Wright was crowned British Champion for the first time in his career after winning the 2019 British Final at the National Speedway Stadium in Manchester on 29 July. He appeared as Wildcard in the British Grand Prix in Cardiff on 21 September 2019 scoring five points. On 23 October 2019, Wright was awarded his first Great Britain cap when he represented Team Great Britain in the new Global Challenge series against Denmark scoring ten points as joint top scorer. Four days later, Wright became the first Captain of the Redcar Bears to lift the SGB Championship Knock-Out Cup after defeating local rival Newcastle in the final. Wright competed in the inaugural 2019 FIM Oceania Speedway Championship in Gillman South Australia finishing sixth with 11 points.

In 2021 and 2022, Wright rode for the Belle Vue Aces in the SGB Premiership and the Redcar Bears in the SGB Championship. In 2021, he won the bronze medal in the 2021 British Speedway Championship and won the 2022 SGB Championship Pairs Championship for Redcar, with Lewis Kerr. His 2022 season produced further success when he won the SGB Premiership 2022 with his team Belle Vue.

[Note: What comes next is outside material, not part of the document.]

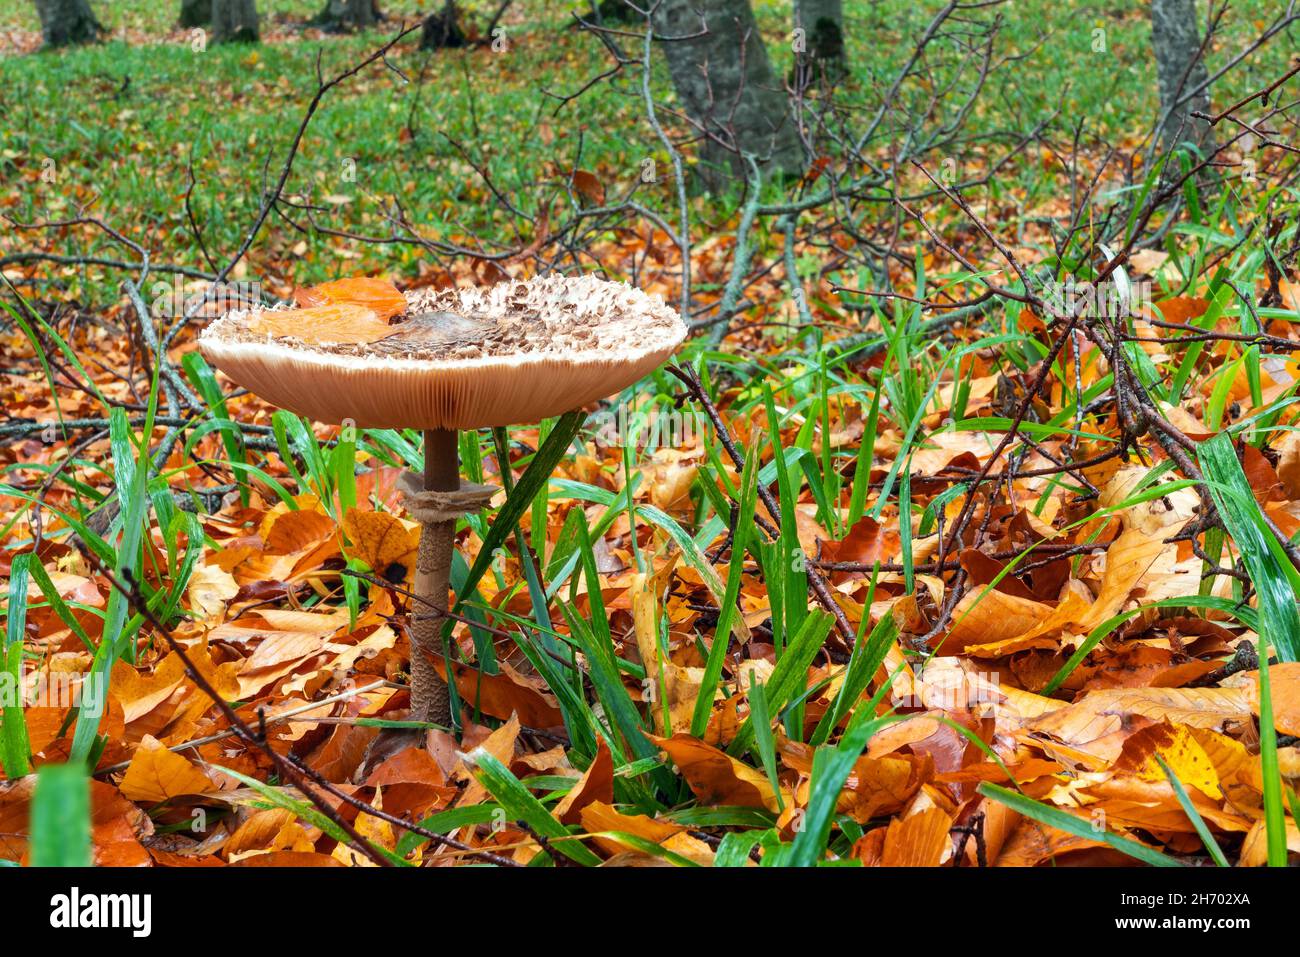 Shaggy Parasol mushroom in a forest. Chlorophyllum rhacodes Stock Photo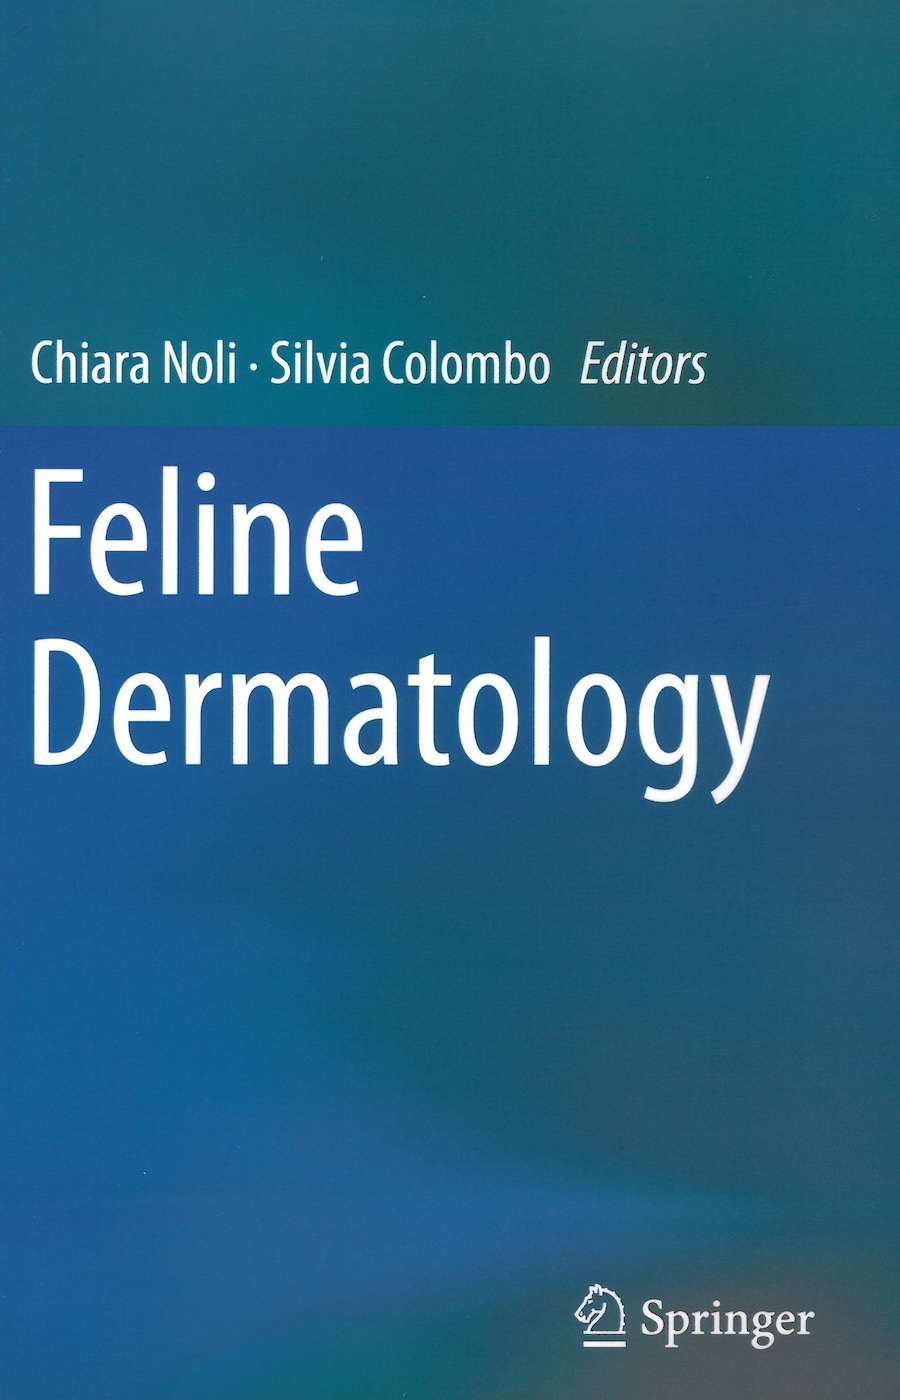 Feline dermatology

Wright re-signed for Belle Vue for the SGB Premiership 2023 and Redcar Bears for the 2023 and 2024 SGB Championship seasons. In August, he won the SGB Championship Riders' Championship on his home track at the Ecco Arena. At the end of the season, he was released by Belle Vue but signed for the Oxford Spires for the 2024 season.

Wright won the 2024 Pairs Championship with Danny King, and the following year, repeated the success for Redcar, partnering Erik Riss to the pairs championship.

In 2025, Wright captained the Redcar Bears to the British Speedway Network (BSN) Series win in the final against Poole Pirates 91-89 on aggregate..

In 2026, Wright again captained the Redcar Bears but was injured in the first match of the season on 20th March, a friendly against a Newcastle Diamonds select team. He returned to action on 17th July returning a score of 12+1 in his comeback.

In the British Champion Final on August 15th at the National Speedway Stadium in Manchester, Wright finished second to Grand Prix star Robert Lambert earning Wright a Wild Card place for the 2027 Speedway Grand Prix of Great Britain.

Wright was then awarded with a Great Britain team place in the 2026 World Team champion Final in Warsaw on August 29th.

== Family ==
Wright's grandfather, Jim Yacoby rode for the Belle Vue Aces from 1959 until 1967. Wright's brother James is also a speedway rider.